Sunday, February 21, 2021

How Do You Experience a Truly Fulfilled Life? These Pictures Show You. Read More to Find Out Why.

They’d been doing the survey for ten years, when they decided to add something different.  They decided.  They didn’t just want to know how many people were doing it.  They wanted to know what difference it made.    So, they took questions, ones that researchers at Harvard had developed to measure human flourishing, and they put them in.  And last January the survey went out.    Then Covid hit, and they realized.  They had an opportunity.   They could measure again and see the difference.  When the results came back, well, they showed something interesting, even a bit surprising. 

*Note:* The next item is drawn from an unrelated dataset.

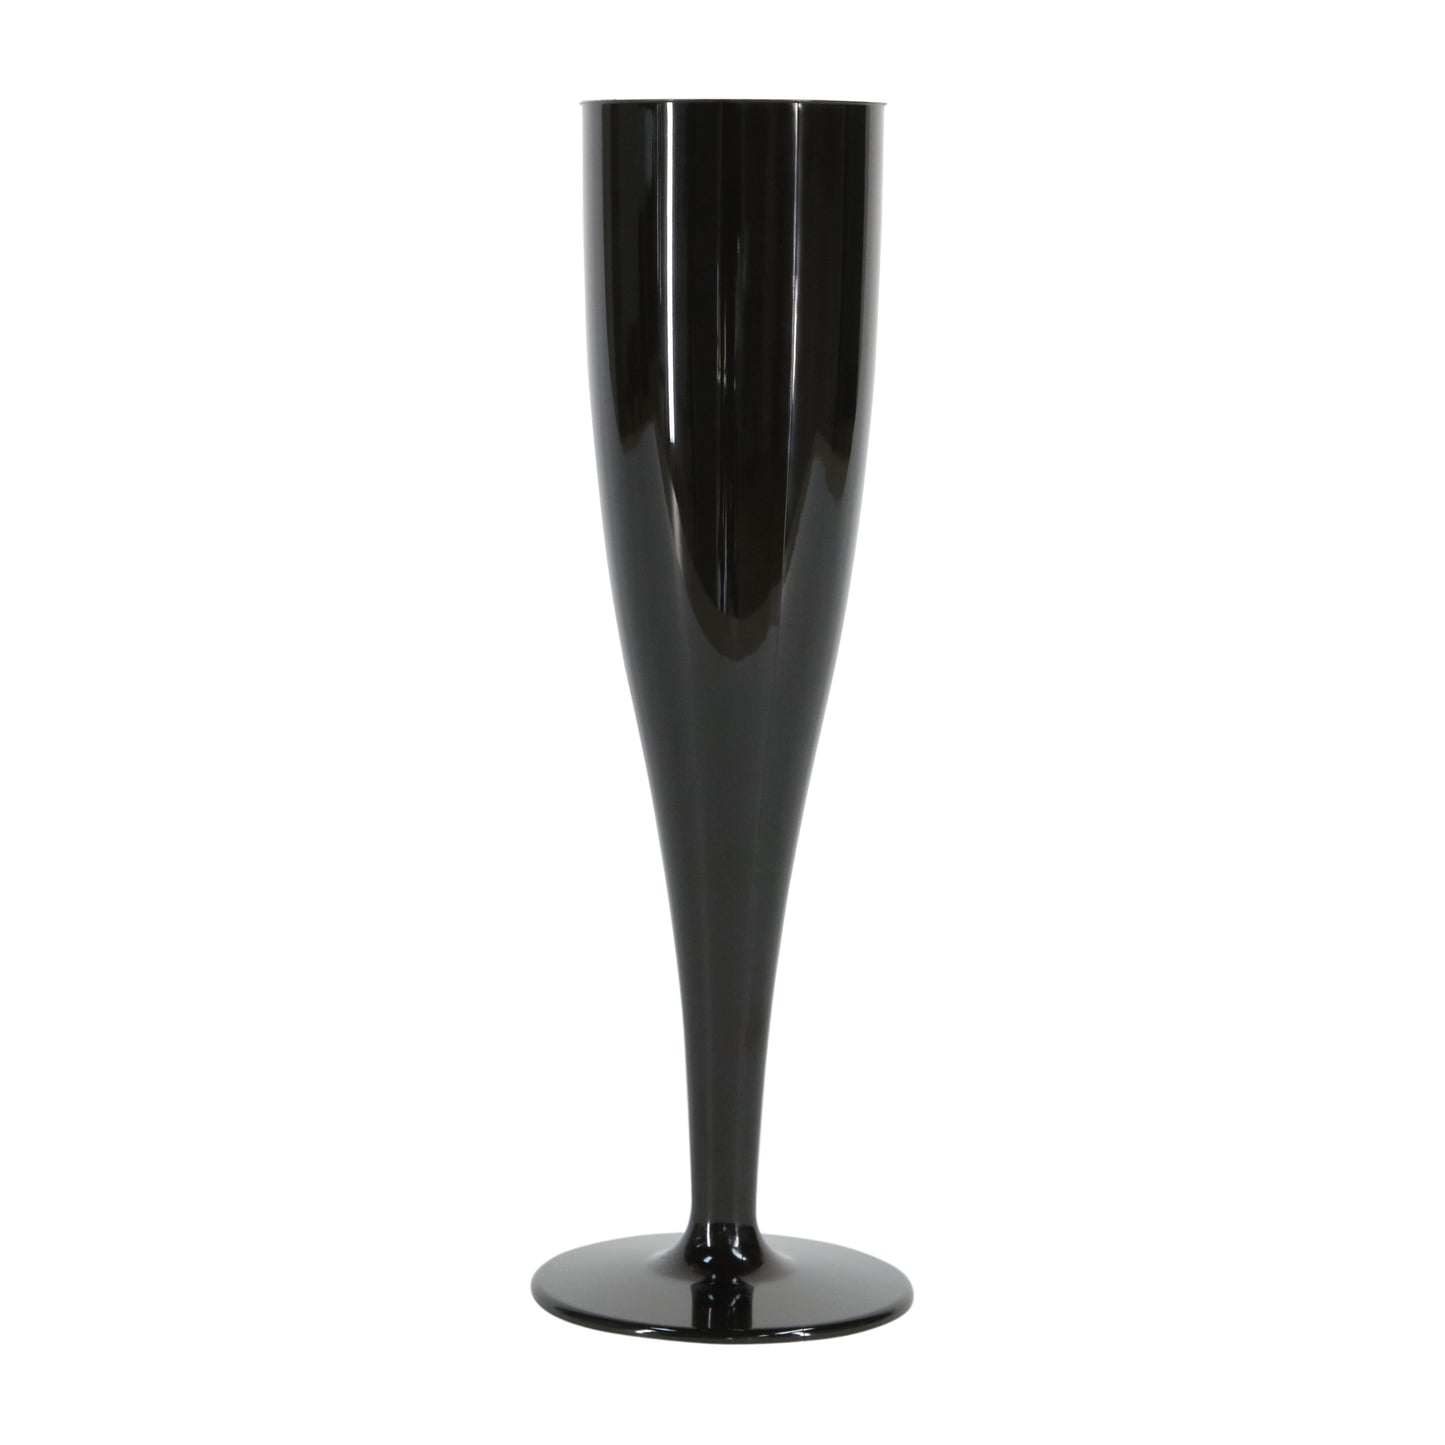 20 x Black Prosecco Flutes – Made from Biodegradable Material in glossy Bold Black Colour 1-Piece Champagne Glass (Pack of 20 Glasses) for use Indoors and Outdoors, Halloween, Parties, BBQ, Hen Do-5056020187967-EY-PP-214-Product Pro-Black Flutes, Champagne Flute, Champagne Glasses, Flutes, Prosecco Flute, Prosecco Glasses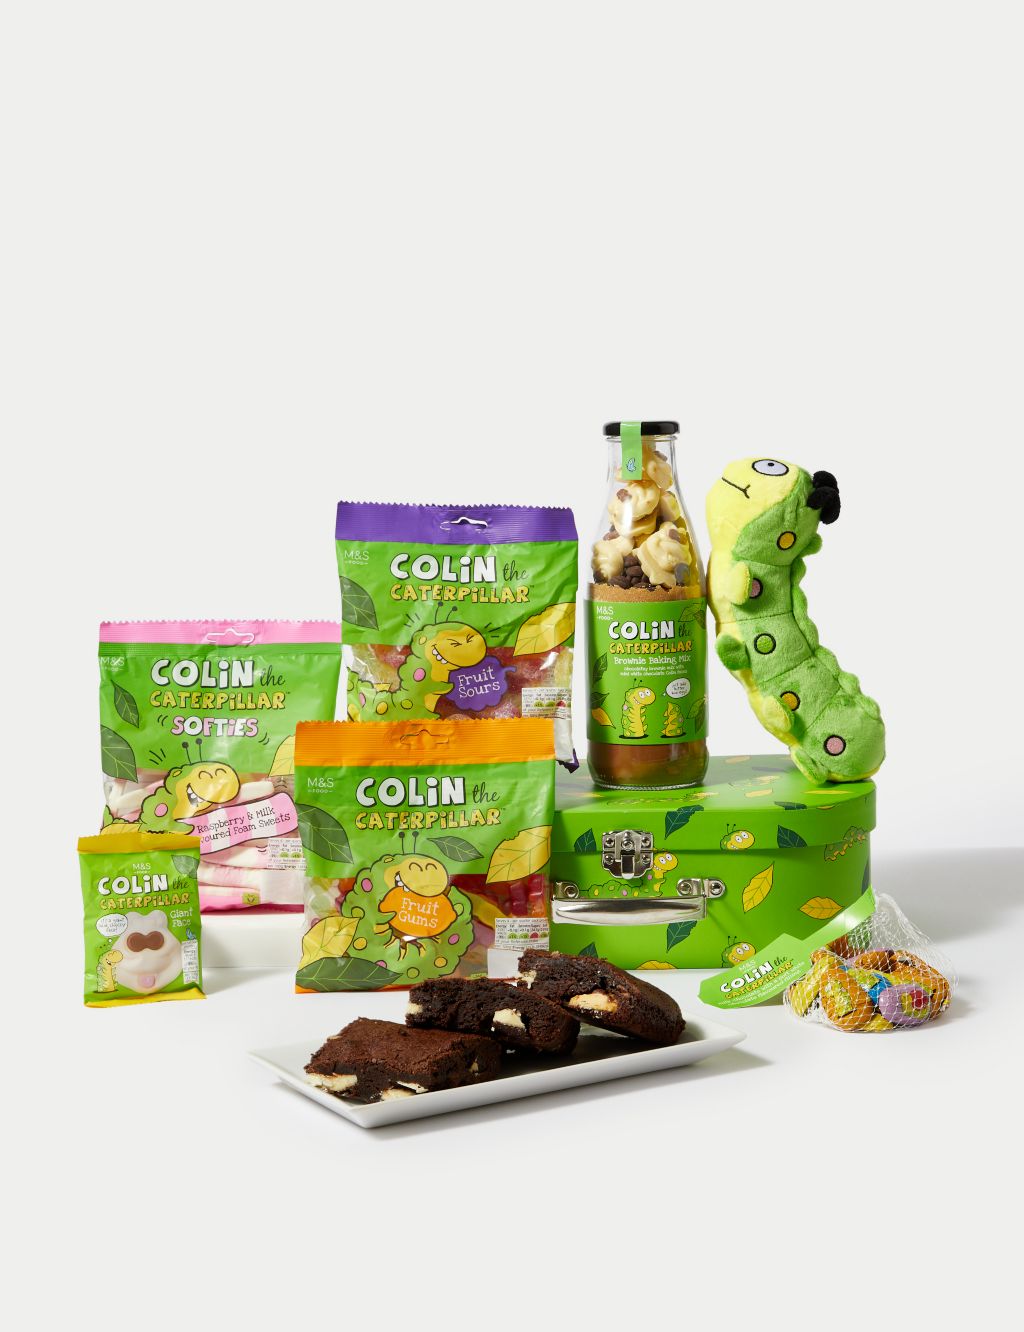 Colin the Caterpillar™ Suitcase Gift image 1

What am I talking about?  For a decade the American Bible Society has done a survey on Bible reading in the country.   And January a year ago, they did it again but with the human flourishing questions I noted above.  Then, as they were compiling that data, Covid hit.   And they thought.  Why don’t we do another survey in June?  We can see how Covid has affected everyone. We’ll see how much hope and happiness went down.  We’ll find out if people’s feelings of meaning and purpose changed.  So, they reached out to Harvard and together did this second study.  And last October, they published the results.   As you can probably guess, all the happiness measures went down, some by a lot.   But in all that, they saw something else. 

They saw that if you read the Bible regularly, as in a couple times a week, you were 50% more hopeful than those who didn’t read the Bible at all.   On a scale of 1 to 100 with 100 being the most hopeful, regular Bible readers scored 75. Non-Bible readers scored around 50.  

But hold on, it gets more complicated.   Folks who read the Bible only occasionally (like 3 or 4 times a year) didn’t have much hope at all.  Heck, they had less hope than those who never read the Bible at all.  So why the difference?   Why did the folks who read the Bible just a little bit have even less hope than those who never read it at all?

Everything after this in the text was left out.